The Wyoming Oil and Gas Conservation Commission has seven days to adopt and begin implementing the new disclosure policies.
Background
In 2010, Wyoming became the first state to require oil and gas companies to disclose the identities of chemicals used for fracking. But in subsequent decisions, the Oil & Gas Commission granted numerous exemptions from the disclosure requirement based on weakly documented industry claims that the chemicals are “trade secrets,” which are protected from public disclosure under Wyoming law.
Because many fracking chemicals are linked to serious short-term and chronic health conditions—including respiratory distress, rashes, convulsions, organ damage, and cancer—and have the potential to contaminate soil and drinking water, in 2012 public-interest groups represented by the non-profit environmental law firm Earthjustice sued the Oil and Gas Commission to demand broader disclosure of fracking chemical identities as required by Wyoming law.

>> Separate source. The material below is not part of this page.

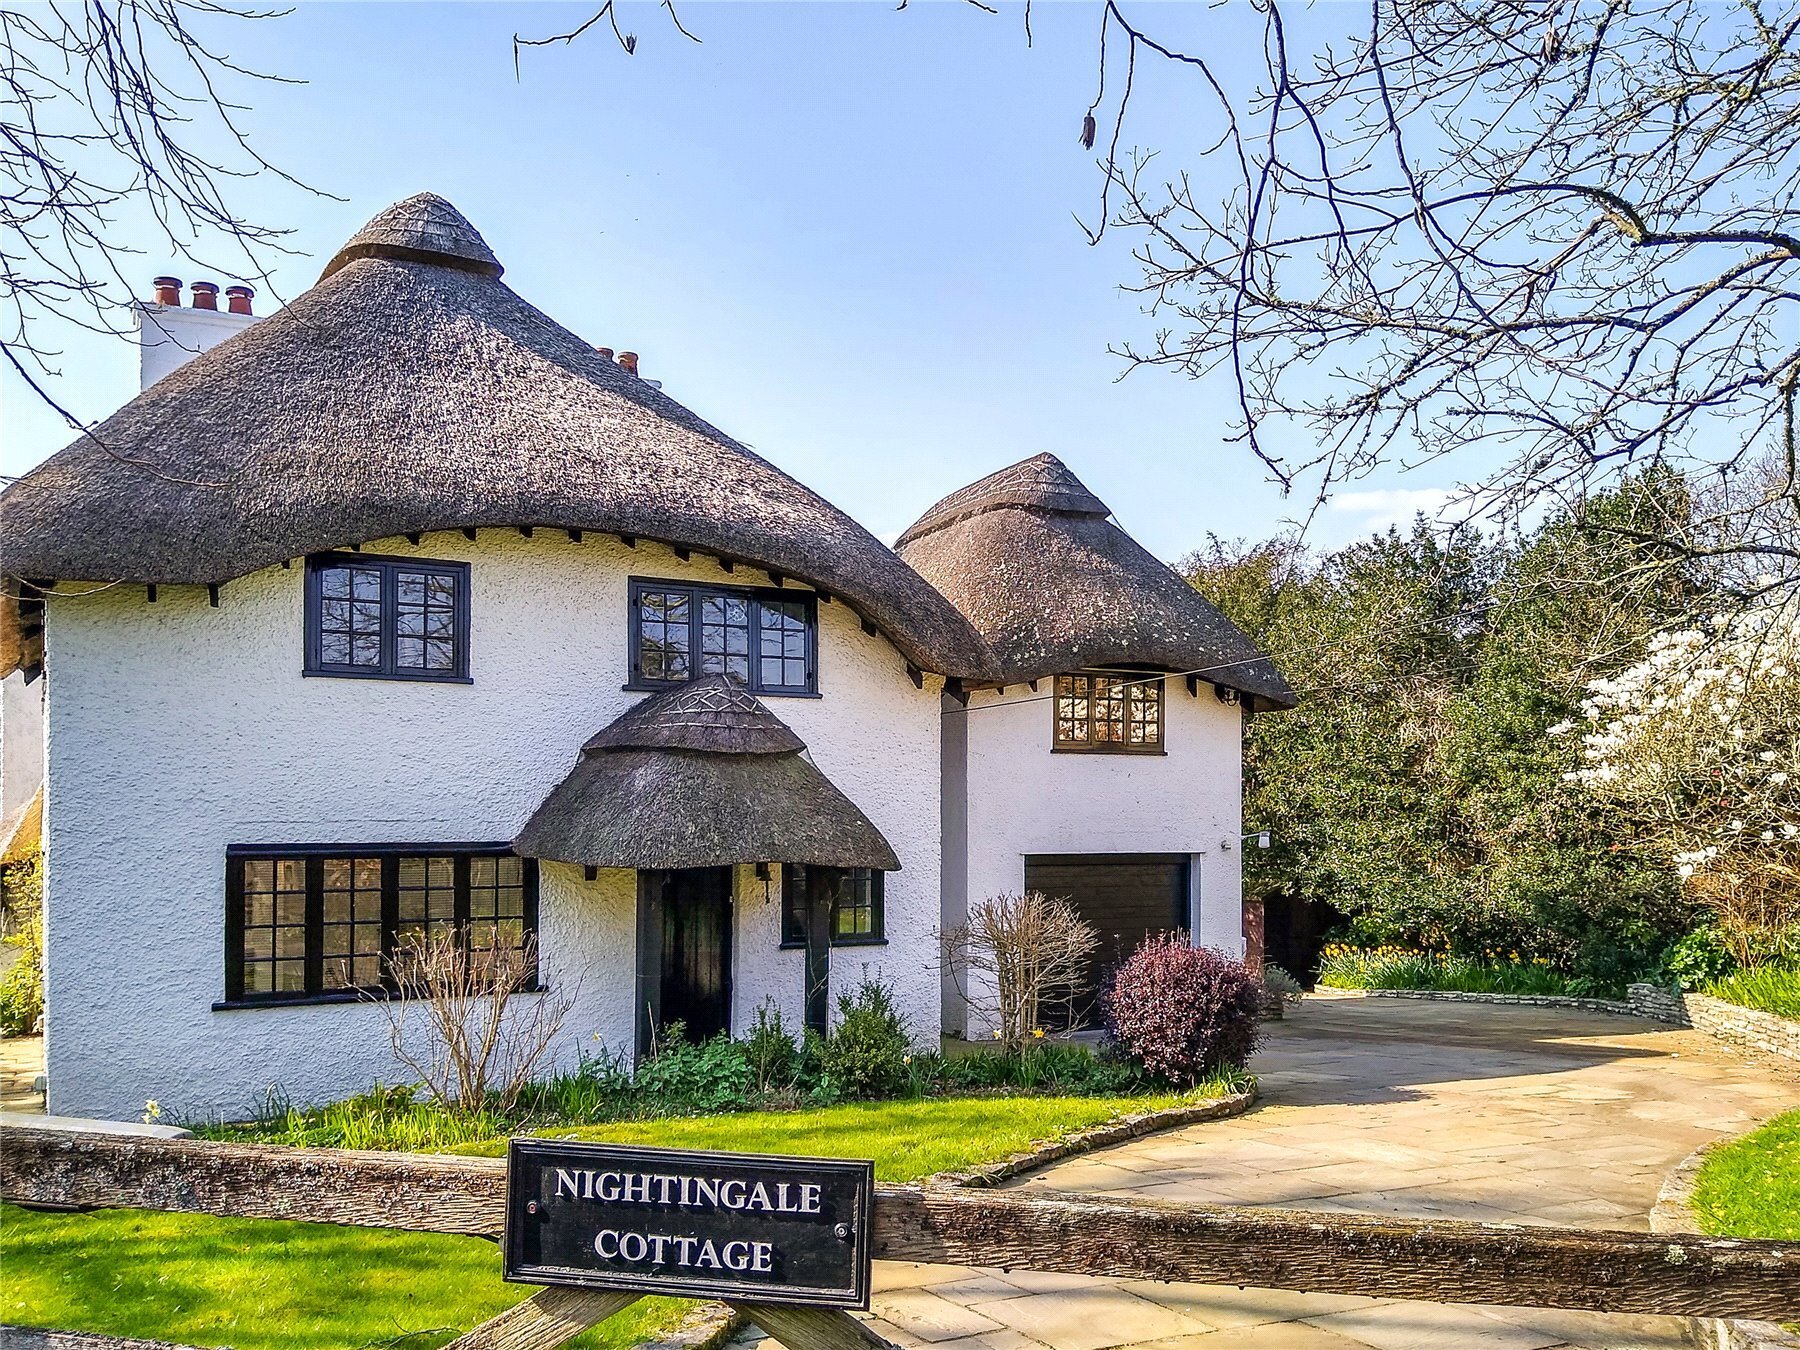 a-delightful-17th-century-thatched-cottage-for-sale-in-a-magical-corner-of-the-new-forest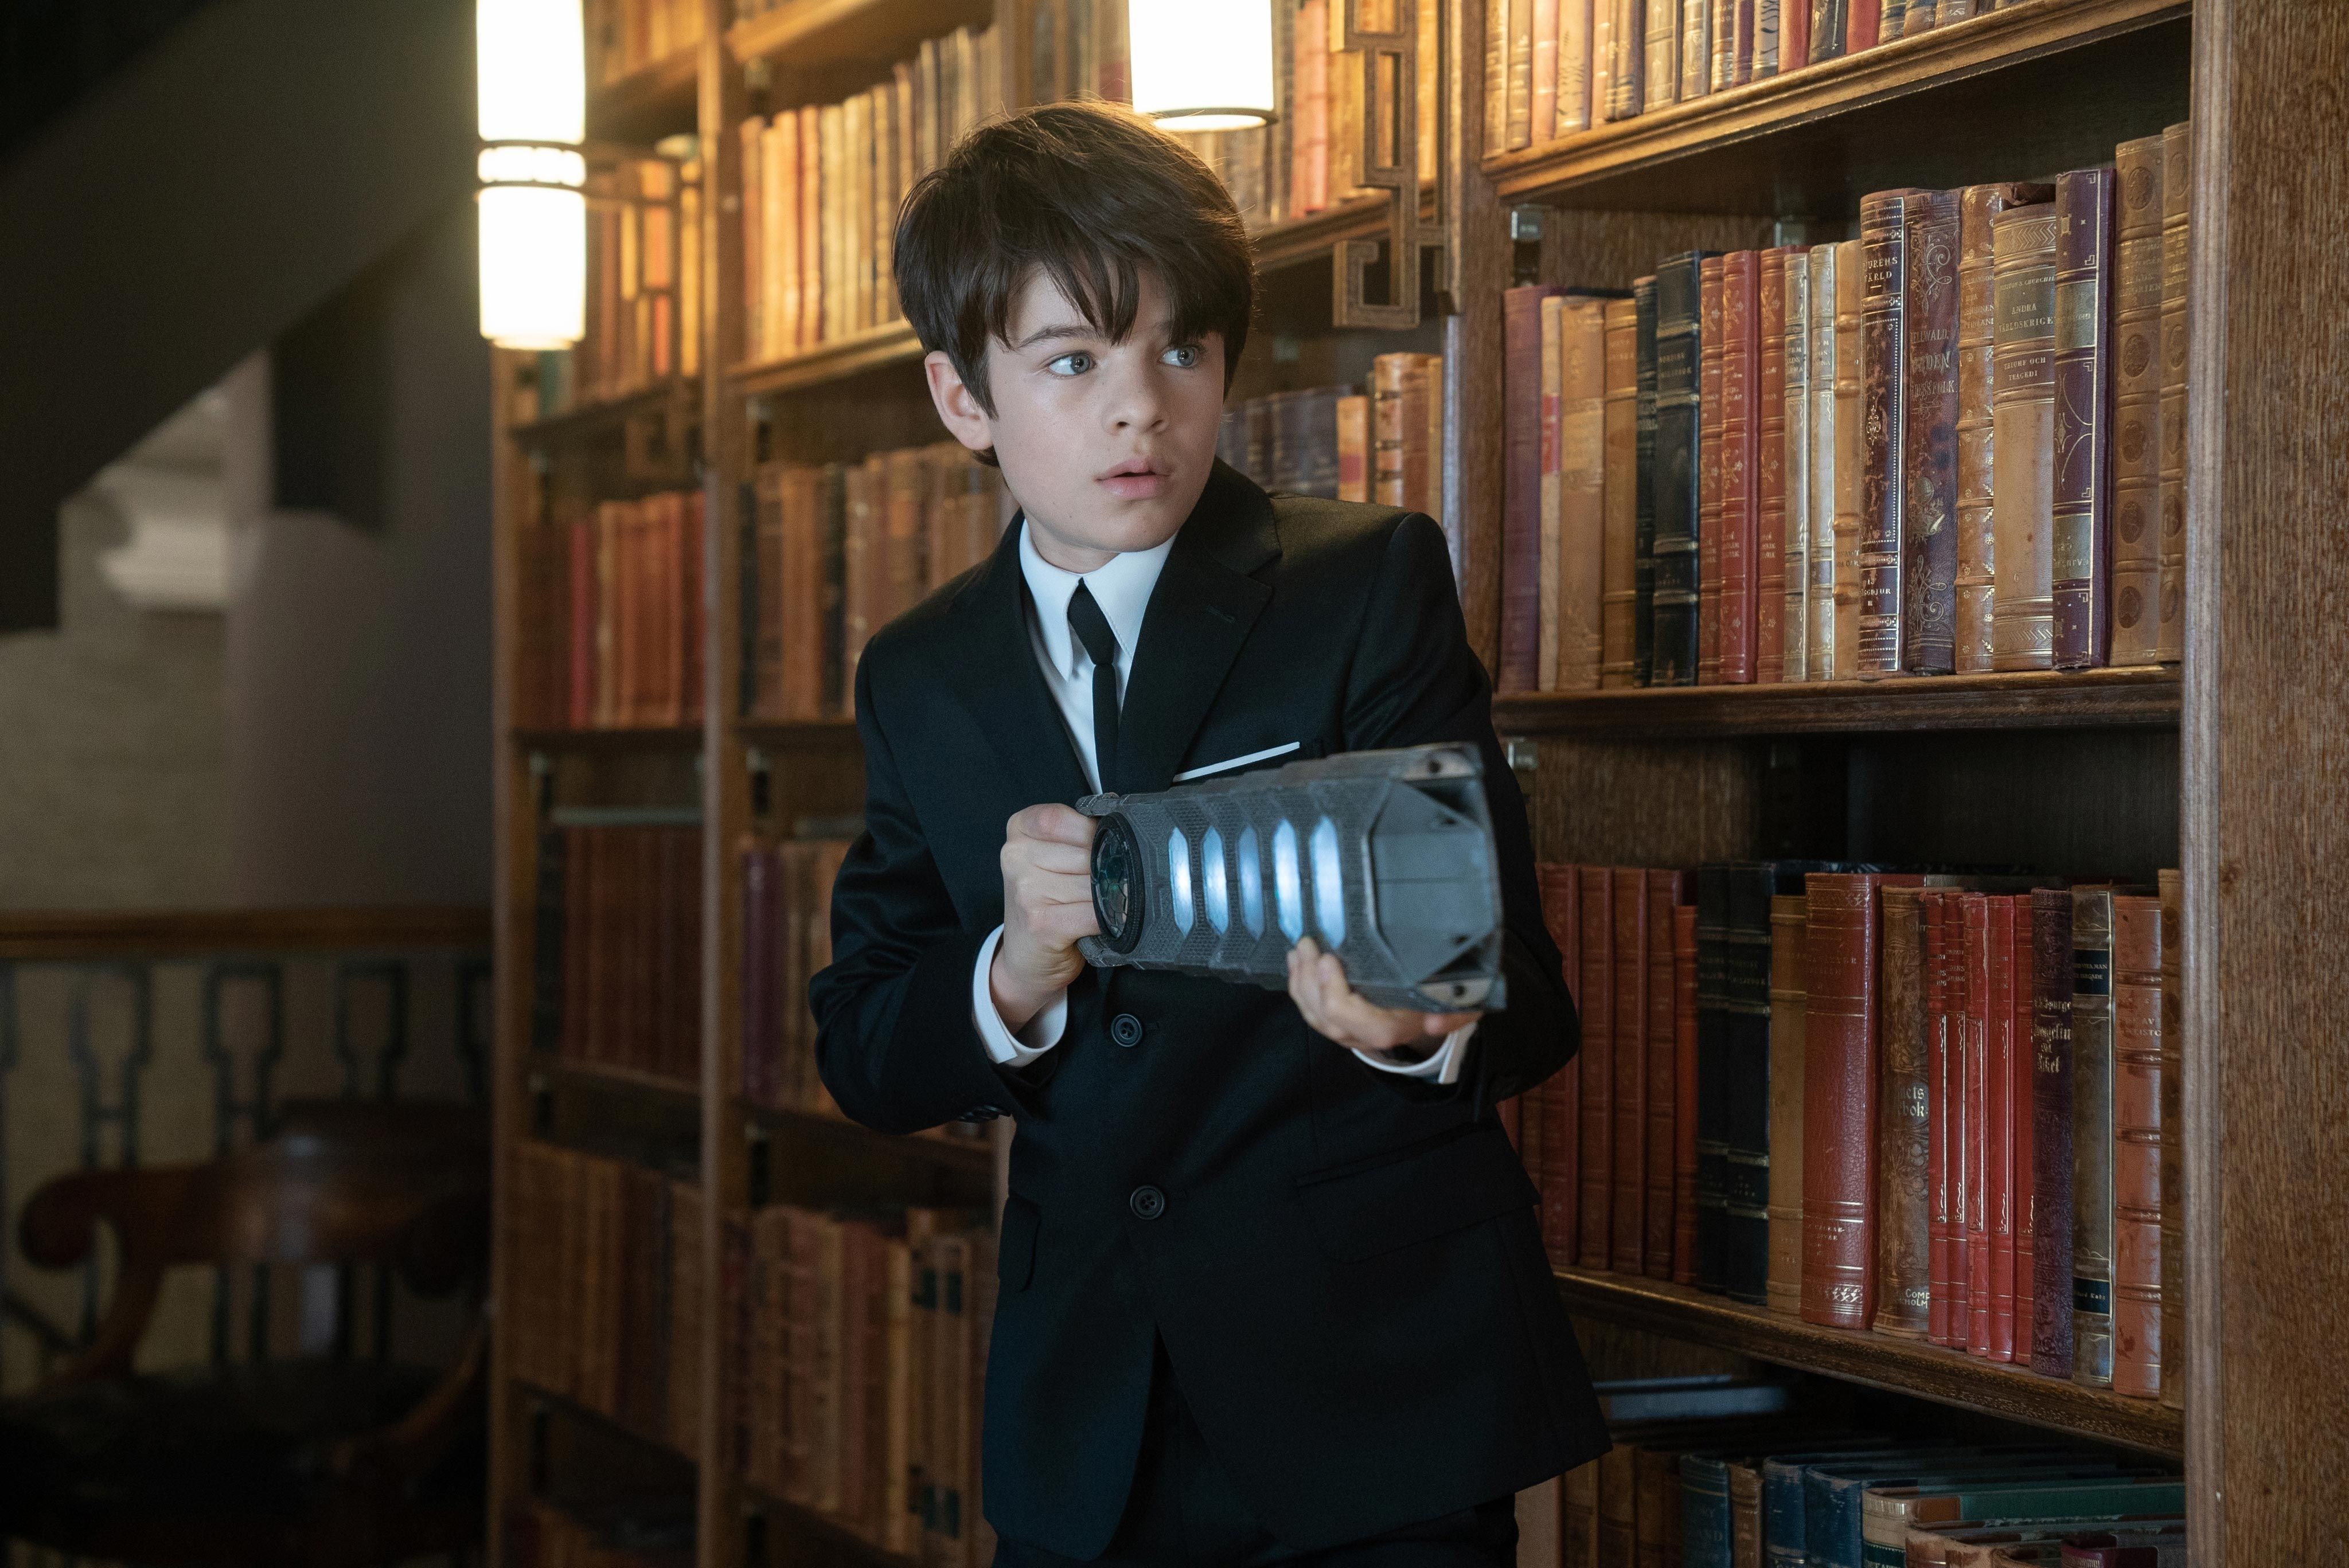 See what critics are saying about Disney's Artemis Fowl movie

In response to their lawsuit, in March of 2014 the Wyoming Supreme Court ruled that the exemption from public disclosure for trade secrets is narrow, the public’s right to know is paramount, and the Oil & Gas Commission bears the burden of proving that secrecy is justified.
Today’s settlement agreement resolves the groups’ lawsuit and implements the Wyoming Supreme Court’s ruling by requiring the Oil & Gas Commission to adopt a new framework for evaluating trade secret claims. The new policies require oil and gas companies to provide detailed information demonstrating why specific chemical identities qualify for the narrow trade secrets exemption under Wyoming law. These policies will ensure that the Oil and Gas Commission receives the information necessary to identify legitimate confidentiality claims and prevent companies from evading disclosure requirements based on weak, boilerplate assertions that the chemicals they use are trade secrets.